There are two principal sources for the synod. The first source, the Life of Wilfrid, is a hagiographic work written by Stephen of Ripon, often identified as Eddius Stephanus, probably soon after 710. The second source is the Historia Ecclesiastica gentis Anglorum by Bede, written in 731. One of Bede's sources was the Life of Wilfrid itself, but he also had access to people who knew participants in the synod. For example, Bede knew Acca of Hexham, and dedicated many of his theological works to him. Acca was a companion of Wilfrid's on some of his journeys to Rome.

Both accounts basically agree, though Bede gives a much lengthier discourse on the debate. The description of the proceedings, where King Oswiu presides and rules but does not engage in the ecclesiastics' debate himself, parallels examples of other synods in other sources, such as one in the Vita Sancti Bonifati by Willibald (where King Ine of Wessex performed the same function as Oswiu). Nonetheless, it is important to observe that the authors, despite their relatively good access to sources concerning the synod, still wrote at a distance, and the accounts, especially the quotations attributed to the participants, are more likely to be summaries of how Bede and Stephen understood the issue rather than something like true quotations. Further, the motivations of the authors influenced how they presented the material. Bede placed his description of the event centrally in his narrative, and he has been recognised as overemphasising the historical significance of the synod because Easter calculation was of special interest to him, and also because he wished to stress the unity of the English Church. However, Bede's accuracy as a historian has been well regarded by Anglo-Saxon scholars, and historians have generally been comfortable following Bede's basic presentation of the synod. Stephen's text has found more criticism, and Reginald Poole identified many of his inaccuracies, but Stephen's account of the synod did not suffer the same criticism as other passages in his work.

==Background==

In seventh-century Britain there were several differences between Roman and Celtic Christianity. One of these was the method of calculating the date of Easter. The Celtic practice was that of the Gaelic monks associated with the isle of Iona and its extensive network of daughter-houses, where the monks still observed an 84-year Easter cycle (as had earlier been the rule in Gaul and in Rome), whereas the newer tradition which was kept in Rome by this time was a 19-year cycle which had been adopted from the church of Alexandria.

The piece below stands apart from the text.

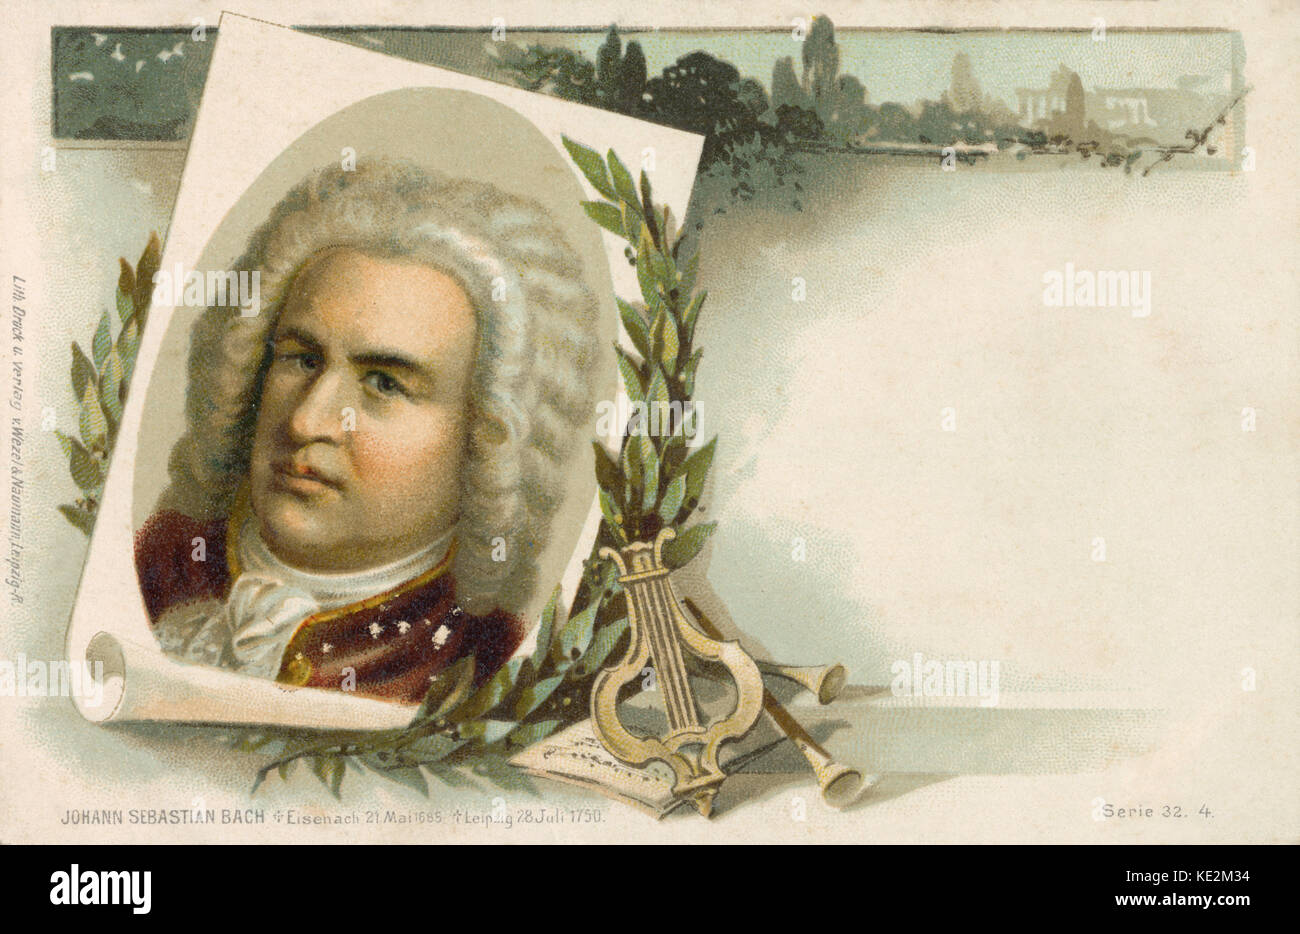 Johann Sebastian Bach - German composer and organist. Illustration on postcard with laurel wreath, instruments and score 21 March 1685 - 28 July 1750 Stock Photo

In the kingdom of Northumbria, these two traditions coexisted, and each had been encouraged by different royal houses. Edwin of Northumbria had converted to Christianity under the influence of missionaries sent from Rome by Pope Gregory the Great and thus had established the 19-year Easter cycle in his realm. However, following his death and a year of political instability, Oswald of Northumbria gained the throne. He had learned Christian practice from the monks of Iona during his stay there (while a political exile in his youth), and had encouraged Ionan missionaries to further the Christianization of Northumbria, especially the famous Bishop Aidan.

The Synod of Whitby was convened to settle a controversy about the correct method of calculating the date of Easter. Early Christians had probably originally celebrated Easter concurrent with the Jewish Passover (see Passover, Christian holiday), which was held on the fourteenth day of the first lunar month of the Jewish year, called Nisan, the day of the crucifixion according to John 19:14. However, the First Council of Nicaea in 325 decreed that Christians should no longer use the Jewish calendar but should universally celebrate Easter on a Sunday, the day of the resurrection, as had come to be the custom in Rome and Alexandria. Calculating the proper date (computus) was a complex process (involving a lunisolar calendar), and different calculation tables developed which resulted in different dates for the celebration of Easter.

In the 660s, Ionan adherents chose to continue using the 84-year Latercus cycle invented by Sulpicius Severus c. 410. Meanwhile, the Papal Curia had commissioned Victorius of Aquitaine (AD 457) and later Dionysius Exiguus (525) to produce a new reckoning, in order to resolve the differences between the Roman method and the more scientific method of the Alexandrian Church. The three reckonings often resulted in different dates for the celebration of Easter. Neither the Victorian or Dionysian reckonings were without problems. Dionysius had simply translated the Alexandrian system into Latin without understanding it. The Victorian system, confusingly, produced double dates, relying on the pope to choose which date to use. Nevertheless, the Victorian table was accepted widely outside the area of Irish influence. Around 602, the Irish missionary St Columbanus had already been condemned by a synod of French clerics for ignoring their authority and following his homeland's Easter calculations (the Victorian table was declared official in Gaul in 541). About AD 600 Columbanus wrote to Pope Gregory I: "You should know that Victorius has not been accepted by our teachers and by the old Irish experts and by the mathematicians most skilled in the calculation of the computus, but was considered more worthy of ridicule and pity than of authority." But in Ireland also, debate raged over the best option for calculating the date of Easter.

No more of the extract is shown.